Stem cell factor (SCF) plays important roles in
tumor growth and angiogenesis. However, its regulatory mechanism remains largely undefined. Here, we report that
hypoxia upregulated the expression of SCF in MCF-7
breast cancer cells in both
messenger RNA and
protein levels. When
hypoxia-inducible factor (HIF)-1 alpha expression was knocked down by RNA interference, the MCF-7 cell expression of SCF was decreased significantly. Furthermore, the
SCF receptor, c-kit phosphorylation was significantly strengthened by the condition
culture media from hypoxic MCF-7 and MCF-7-c cells. The survival of A549 cells was more dependent on SCF under
hypoxia. Analysis of SCF promoter 5'-flanking region revealed a potential
hypoxia-response element (HRE; 5'-GCGTG-3') located at -68 to -64 relative to the transcriptional start site.

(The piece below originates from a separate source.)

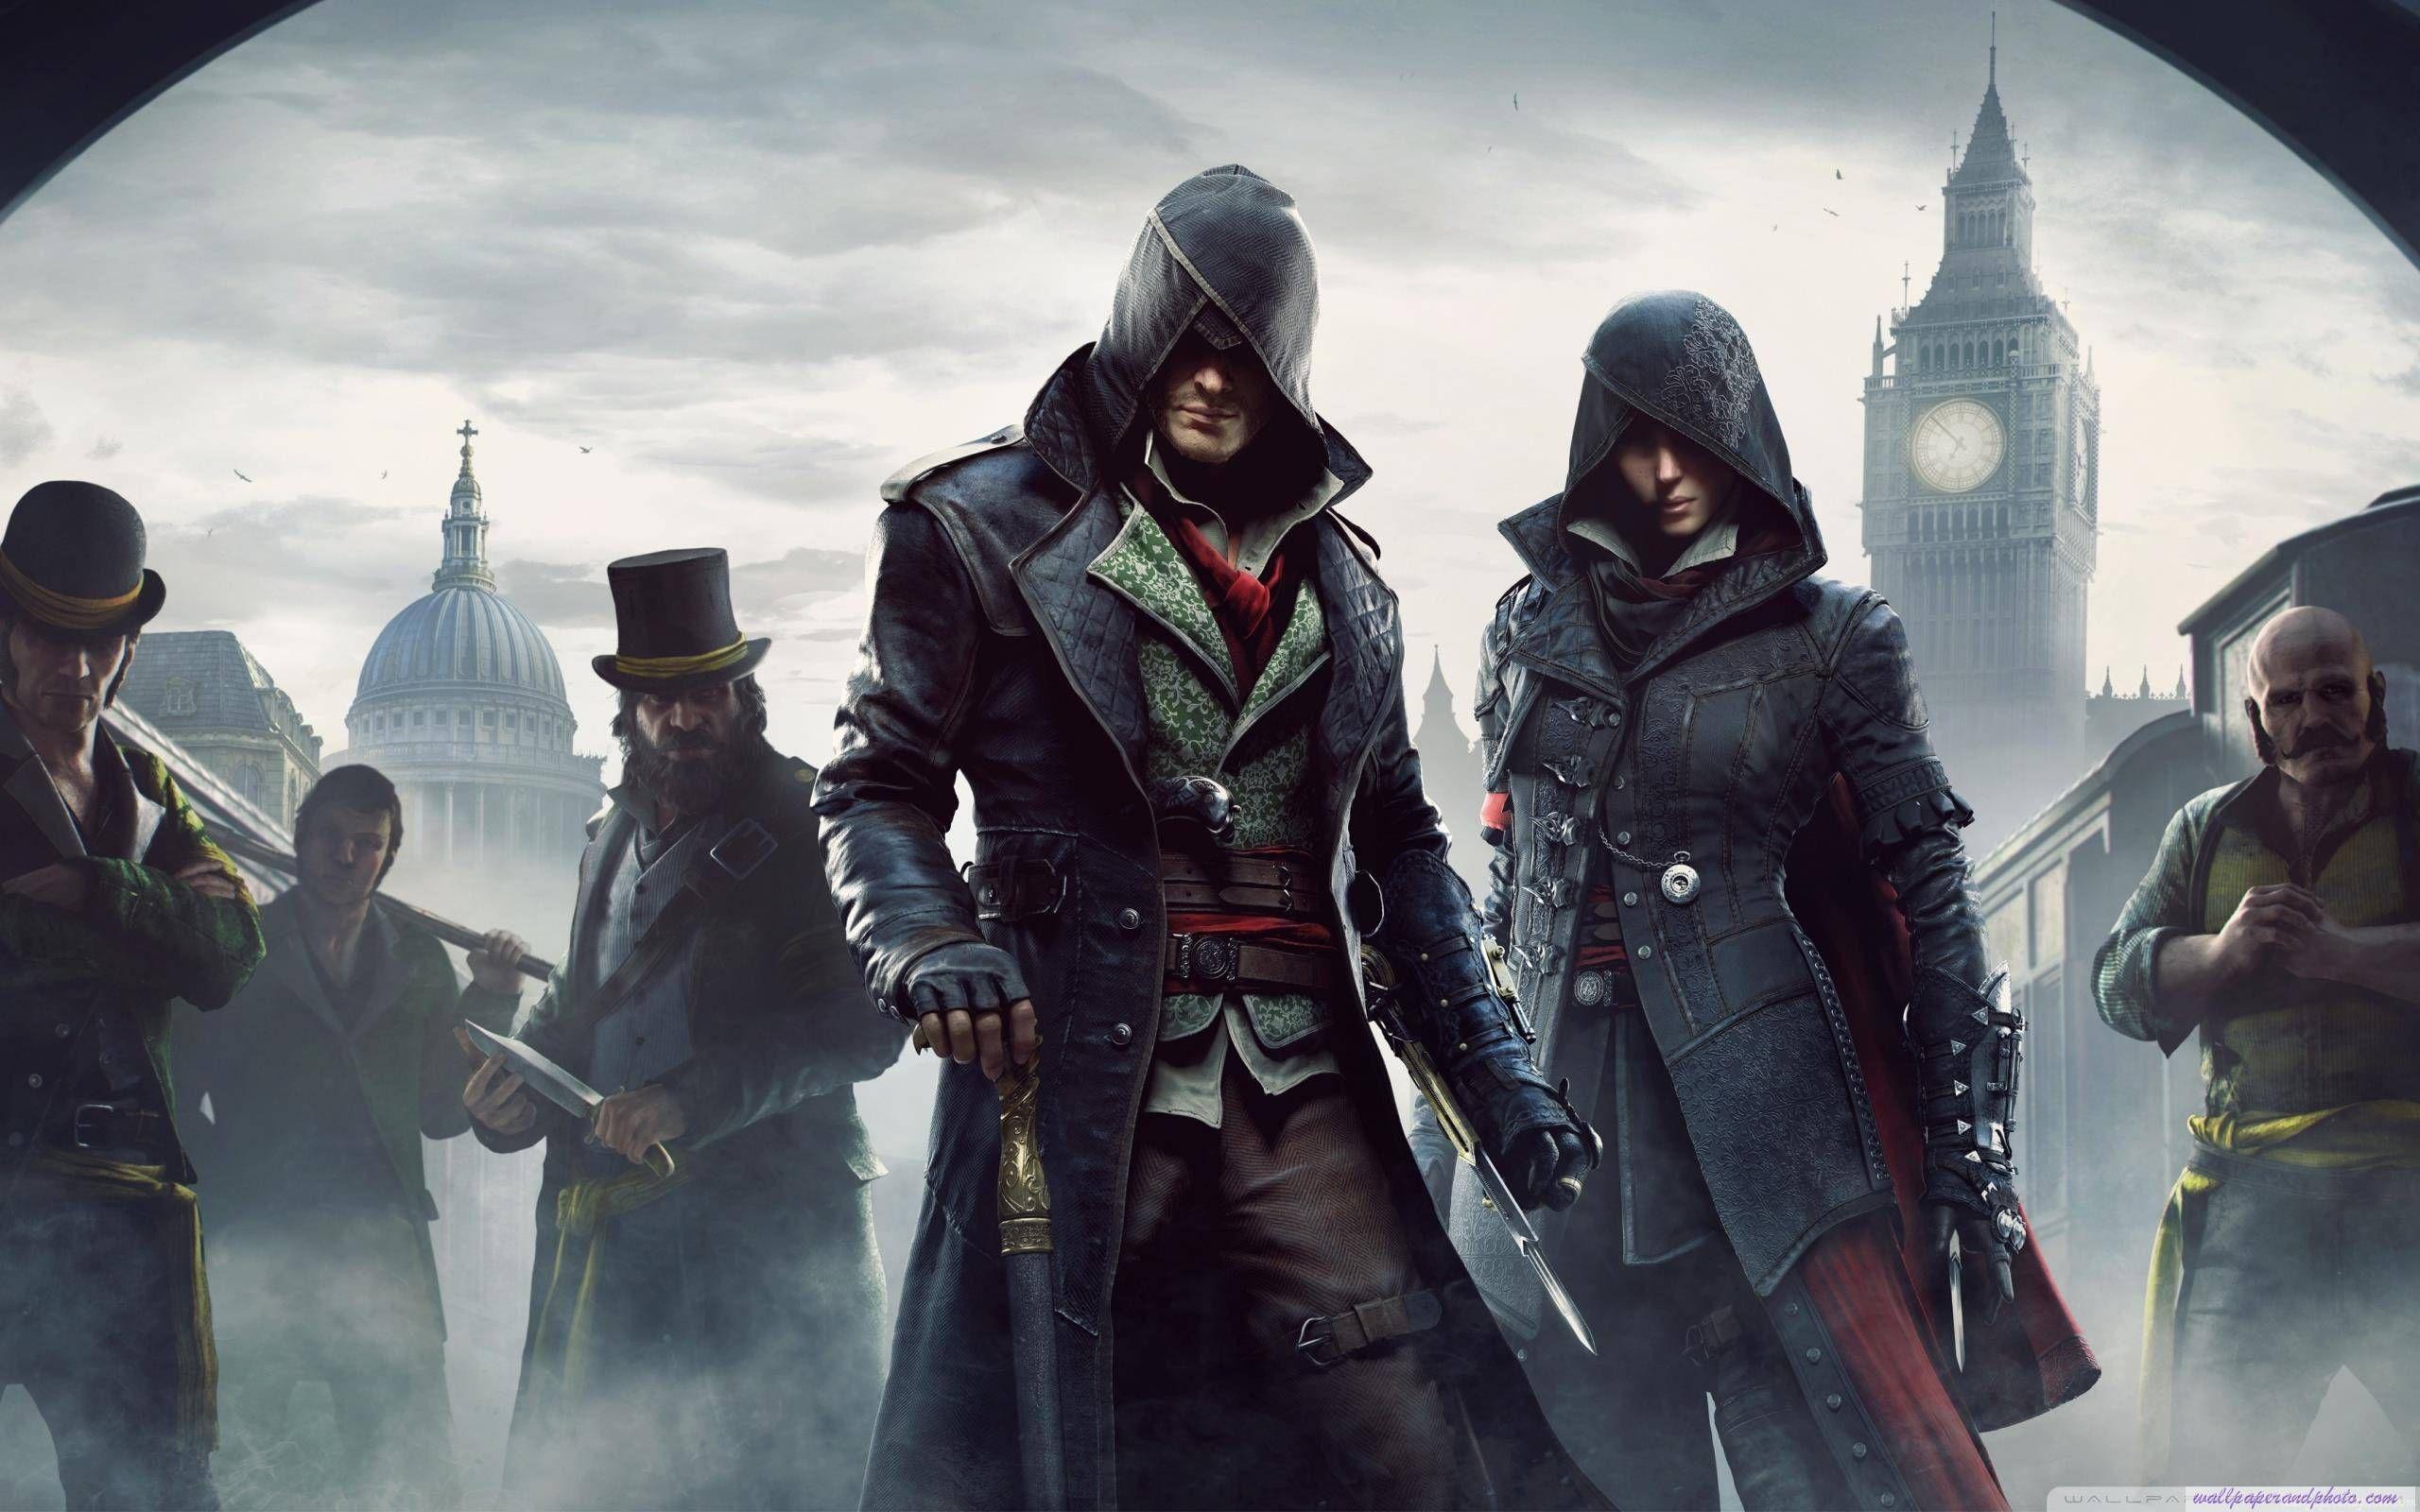 Assassins Creed Syndicate Hd 16 9 16 10 Desktop Wallpaper Widescreen Fullscreen Assassin S Creed Wallpaper Assassins Creed Syndicate Assassins Creed Unity

Chromatin immunoprecipitation assay demonstrated that HIF-1 alpha directly bound to this region under normoxia, and this binding activity was significantly enhanced under
hypoxia. Overexpression of HIF-1 alpha significantly upregulated the expression of
luciferase reporter gene under control of the SCF promoters in both MCF-7 cells and human embryonic kidney 293 cells, but mutation of the HRE site completely blocked this effect.
Epidermal growth factor was also able to enhance the SCF expression under normoxia in MCF-7 cells, which was dependent on HIF-1 alpha. Taken together, our data demonstrated that HIF-1 alpha was a key regulator of SCF expression in
breast cancer cells.
Hypoxia and
epidermal growth factor receptor signal coexisted in the tumor microenvironment and might promote angiogenesis through HIF-1 alpha-mediated upregulation of SCF and other angiogenic factors.